- For the dough:
- 550g wheat flour
- 60g sugar
- 60g Kerrygold Pure Irish Salted Butter
- 1 medium Egg
- 220 ml milk
- 20g fresh yeast
- 1 tsp vanilla extract
- For the Icing:
- 200g icing sugar
- 1 tsp of raspberry essence (or 4-5 tsp rasberry powder from freeze dried Raspberries)
- 2 tbsp water
- For the cream
- 250g cream
- 200g mascarpone
- 50g icing sugar
- 1-2 teaspoons of Rasberry essence (or 5-6 tsp raspberry powder from freeze dried Raspberries)
- In addition:
- 50 ml milk
- Decorative sprinkles
- Preheat the oven to 180 °C
- For the dough, mix the egg, butter and vanilla extract together before incorporating in the Flour.
- Once combined, add in the milk, yeast and sugar to the flour mixture.

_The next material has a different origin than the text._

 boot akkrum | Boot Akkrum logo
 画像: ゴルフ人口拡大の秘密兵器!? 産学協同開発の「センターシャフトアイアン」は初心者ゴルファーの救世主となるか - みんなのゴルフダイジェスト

Knead to a smooth dough by hand. Cover and leave the dough at room temperature for an hour.
- Place the dough on a floured work surface and roll out about 1-1.5 cm thick. Cut out hearts with a heart cutter (approx. 5 cm tall) and place them on baking paper-lined sheets, cover again for another 30 minutes.
- Brush the hearts with a little milk/egg and bake for 14-16 minutes. Remove from the oven and leave to cool.
- mix the icing sugar, raspberry flavoring (or raspberry powder) and a little water. The consistency should be relatively thick. Spread the icing with a small spoon on top of half of the hearts
- Decorate with sprinkles as you wish
- Mix cream, mascarpone and the icing sugar in a bowl and beat stiffly using the hand stirrer or food processor. Stir in the raspberry powder and add the cream to the lower halves of the heart.